Robots’ brains are a large language model (LLM) that helps them process human input, creating text that is almost indistinguishable from text that a human can generate. These brains are filled with vast amounts of textual data to understand, generate, and process human language.
What the researchers from Nanyang Technological University did – as they revealed in their study – was that they “reverse engineered” to find out how the brains of robots detect “large language models” such as “GPT chat” for unethical requests.
From the information they obtained, they trained their own large language model to produce requests that bypass the defenses of the large language models that underpin famous chatbots. Then they created their own chatbot capable of automatically generating more requests to break the protection of other chatbots, and they called it “Master Qi.”
Just as the master key “Master Key” opens multiple locks, the name the researchers chose for their robot indicates that it is a powerful and versatile tool that can penetrate the security measures of various automated chat systems.
Professor Liu Yang from Nanyang University’s School of Computer Science and Engineering, who led the study, revealed statement A journalist published on the university’s website, regarding one of the most prominent methods of fraud used by “Master Key”.
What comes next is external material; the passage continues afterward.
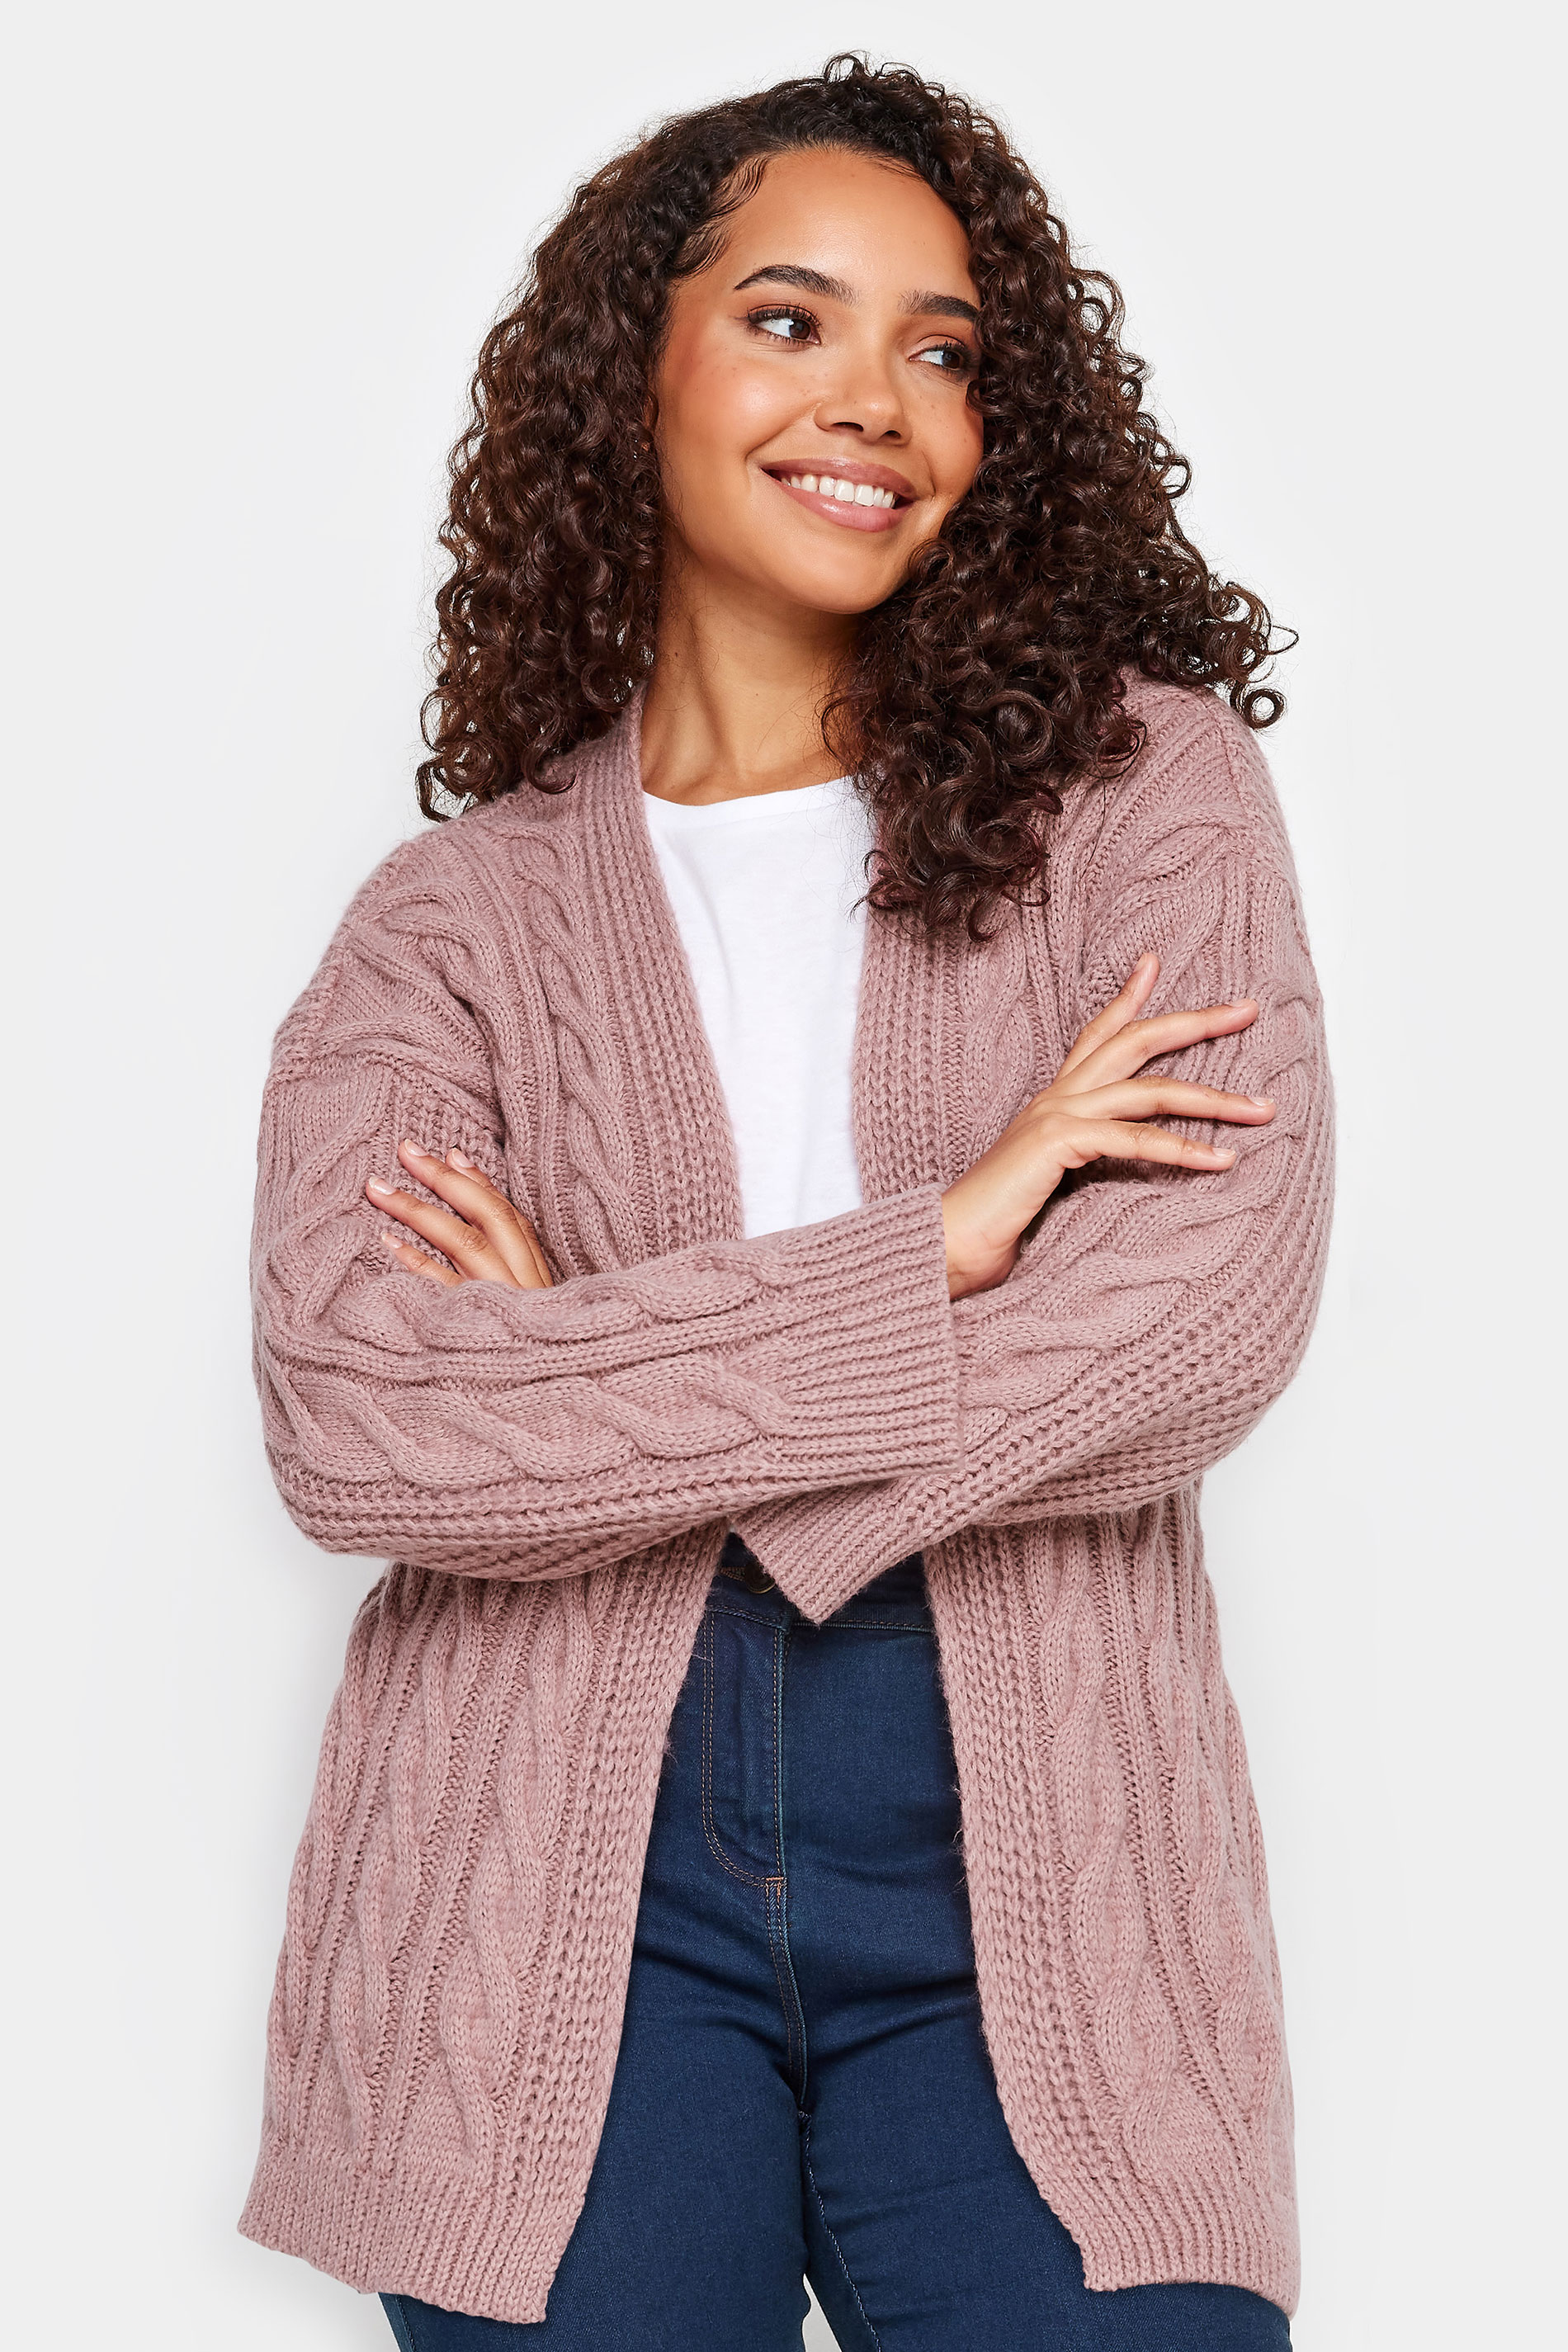 M&Co Petite Pink Chunky Cable Knit Cardigan | M&Co 1

For example, chatbot developers rely on keyword monitoring tools that pick up certain words that might indicate potentially suspicious activity and refuse to answer if such words are detected.
One strategy researchers used to get around keyword censorship was to submit prompts that simply contained spaces following each letter, circumventing censorship that might operate through a list of banned words.
One strategy for researchers to get around keyword censorship is to submit claims that simply contain spaces following each letter (Archyde.com)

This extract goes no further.